I'll be in Miramar Beach July 14-21. I will have one pole out in the surf with a sand flea or maybe some fresh shrimp on it, but I'd like to do some cast and retrieve fishing as well. What are 4 or 5 lures/spoons/whatever that you would recommend I use. Keep in mind when I'll be there and please be specific as to colors and weights so I can be sure and pick up the right thing. Sorry if I sound bossy, just want to do it right!


----------



## Simonj31 (Mar 6, 2014)

Literally any silver or gold spoon. I prefer Johnson spoons. An endless amount of swim-baits. Like Live Target for example. Berkeley swimming mullet. Original Rapala and so on. As to the weight. It varies. Depends on the surf height and current. Be prepared and bring multiple sizes.


----------



## COfishing (Sep 9, 2015)

*Lures*

We do a lot of surf casting when we are in the Gulf, I'd suggest the Bass Pro/Offshore Angler Pencil Popper in 5 1/2" 1 3/8 oz, any color is good. We use those cause they're not too pricey. Then look at The Bounder 1 7/8oz by Roberts lures, red/white or blue/white. These are both topwater lures and you can throw them a mile and cover lots of water, both in the surf and inshore.
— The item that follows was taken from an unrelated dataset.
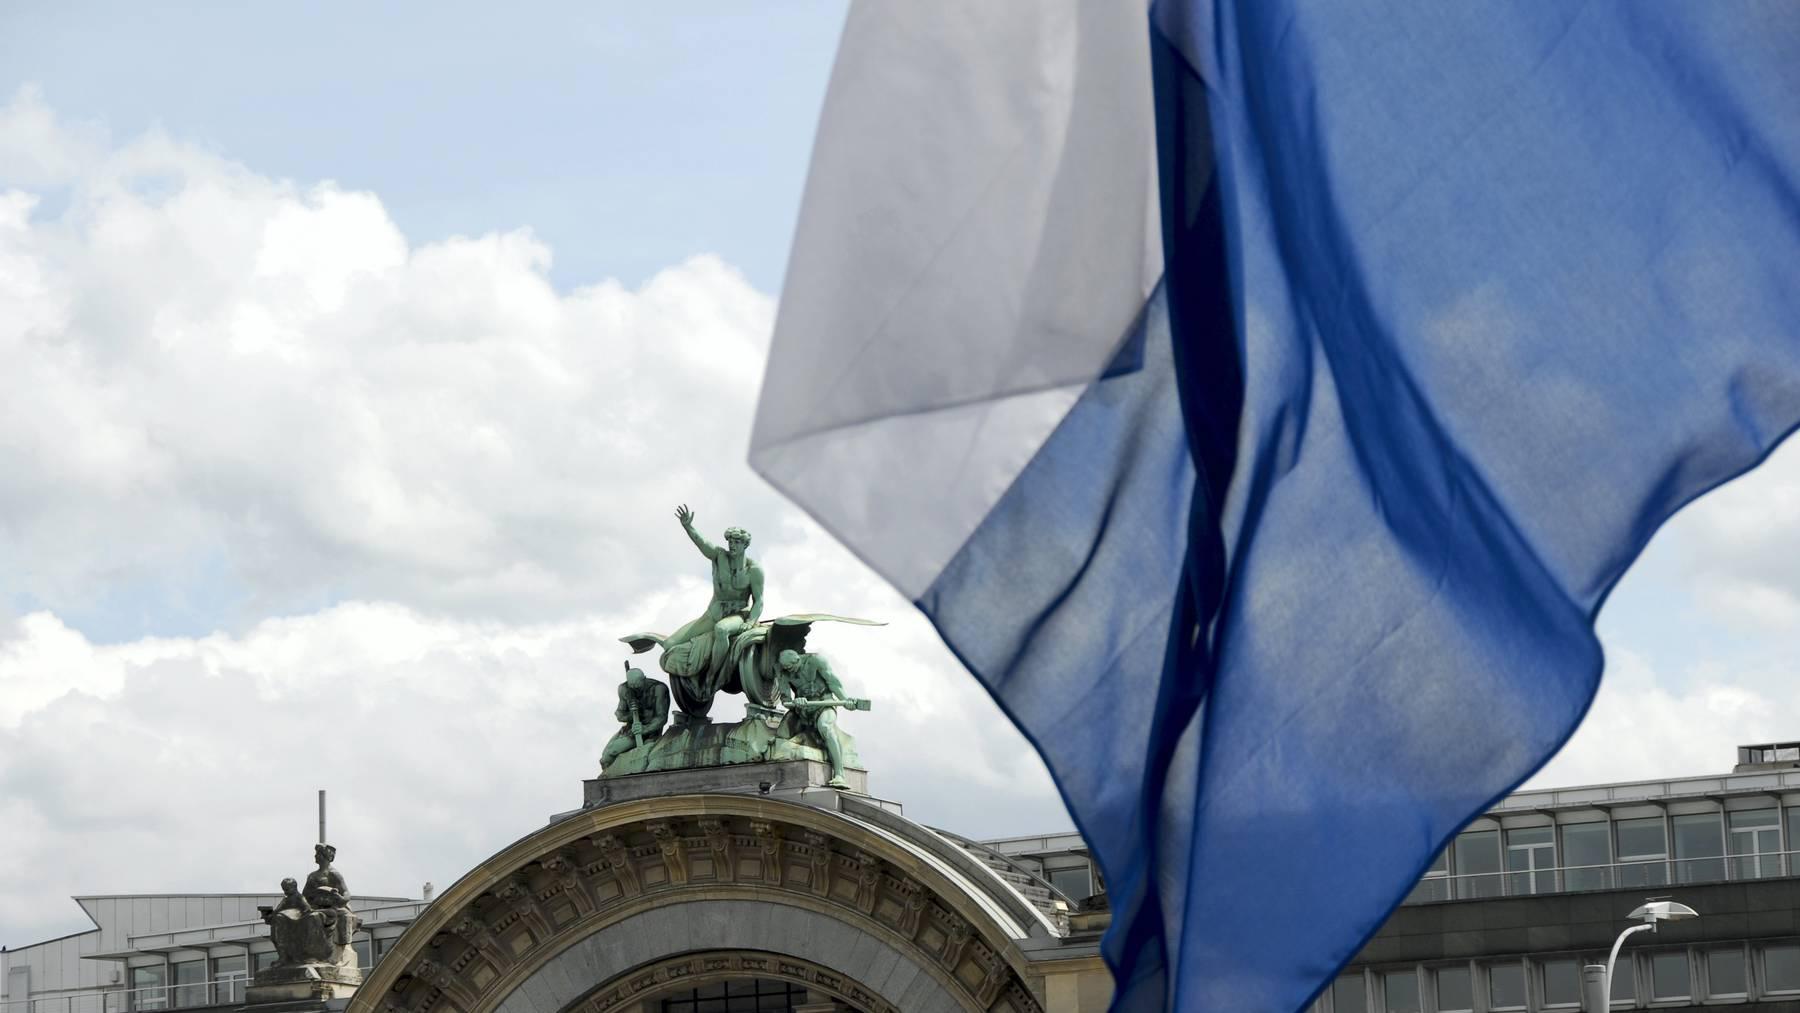 Luzern: 10 Hooligans zu hohen Geldstrafen verurteilt

Good Luck, Im headed there in one month, I'll let you know how my new arsenal of lures works.


----------



## animalspooker (Jul 13, 2012)

Thank you for the help guys. Shopping for lures as we speak. COfishing, please let me know when you go, how you do and any other quality info you can give me. Best of luck!!!


----------



## COfishing (Sep 9, 2015)

Do a search on amazon, for Gold Spoon Lures, some hilarious versions come up, I had to buy a set for myself, hopefully they catch "the big one".


----------



## animalspooker (Jul 13, 2012)

I saw what I guess you're speaking of CO. Looks like I may need to raid my girlfriends drawer? Got any gold paint?


----------



## animalspooker (Jul 13, 2012)

Back to spoons though. Is there a size range I want to look for? And what Rapala lures should I be hunting for? I prolly should've mentioned, I would like to catch fish I/we can eat. Hope that doesn't offend anyone!


----------